J Gen Virol. 1997 Mar;78 ( Pt 3):577-81. doi: 10.1099/0022-1317-78-3-577.
Comparative sequence analysis of a 354 nt fragment of the NS5 region of hepatitis G virus (HGV) isolates was performed to assess two levels of HGV genomic variability: (1) heterogeneity of HGV within an infected individual, and (2) heterogeneity of different HGV isolates. Comparison of nucleotide sequences of DNA clones from two virus isolates demonstrated that in each infected individual HGV is represented by a population of virions with closely related but heterogeneous genomes (quasi-species). Phylogenetic analysis of nucleotide sequences of 42 isolates collected from 14 countries revealed less significant genome variability of HGV as compared to hepatitis C virus. Sequences of all HGV isolates fell into one group of distribution of evolutionary distances. On a phylogenetic tree all HGV sequences segregated into numerous branches. All sequences of isolates from Africa, South and South-East Asia, however, were clustered together and were separated from those of other isolates collected in Europe, North America and Central Asia.

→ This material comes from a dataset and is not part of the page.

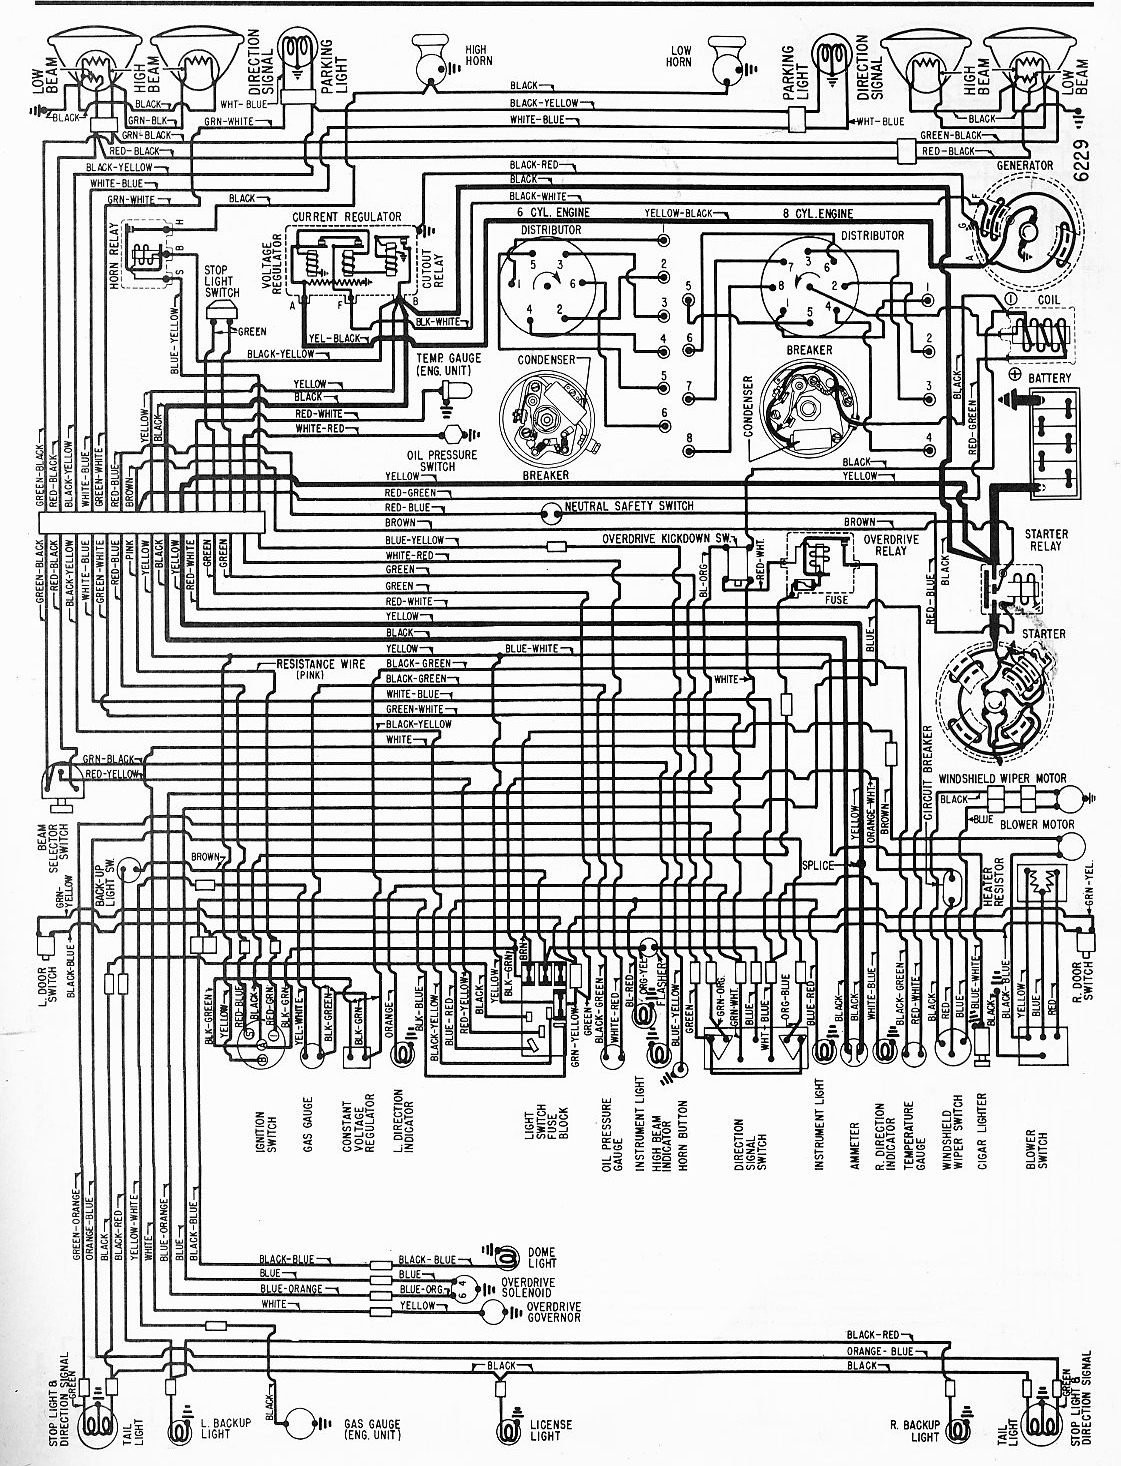 Speed Tech Lights Wiring Diagram Speed Tech Lights Wiring Diagram Elegant I Have A 1962

对庚型肝炎病毒(HGV)分离株NS5区域的354个核苷酸片段进行了比较序列分析,以评估HGV基因组变异的两个层面:(1)感染个体内HGV的异质性,以及(2)不同HGV分离株的异质性。对来自两种病毒分离株的DNA克隆的核苷酸序列进行比较表明,在每个感染个体中,HGV由一群具有密切相关但异质基因组的病毒粒子(准种)代表。对从14个国家收集的42个分离株的核苷酸序列进行系统发育分析表明,与丙型肝炎病毒相比,HGV的基因组变异不太显著。所有HGV分离株的序列都属于进化距离分布的一组。在系统发育树上,所有HGV序列都分成许多分支。然而,来自非洲、南亚和东南亚的分离株的所有序列都聚集在一起,并与在欧洲、北美和中亚收集的其他分离株的序列分开。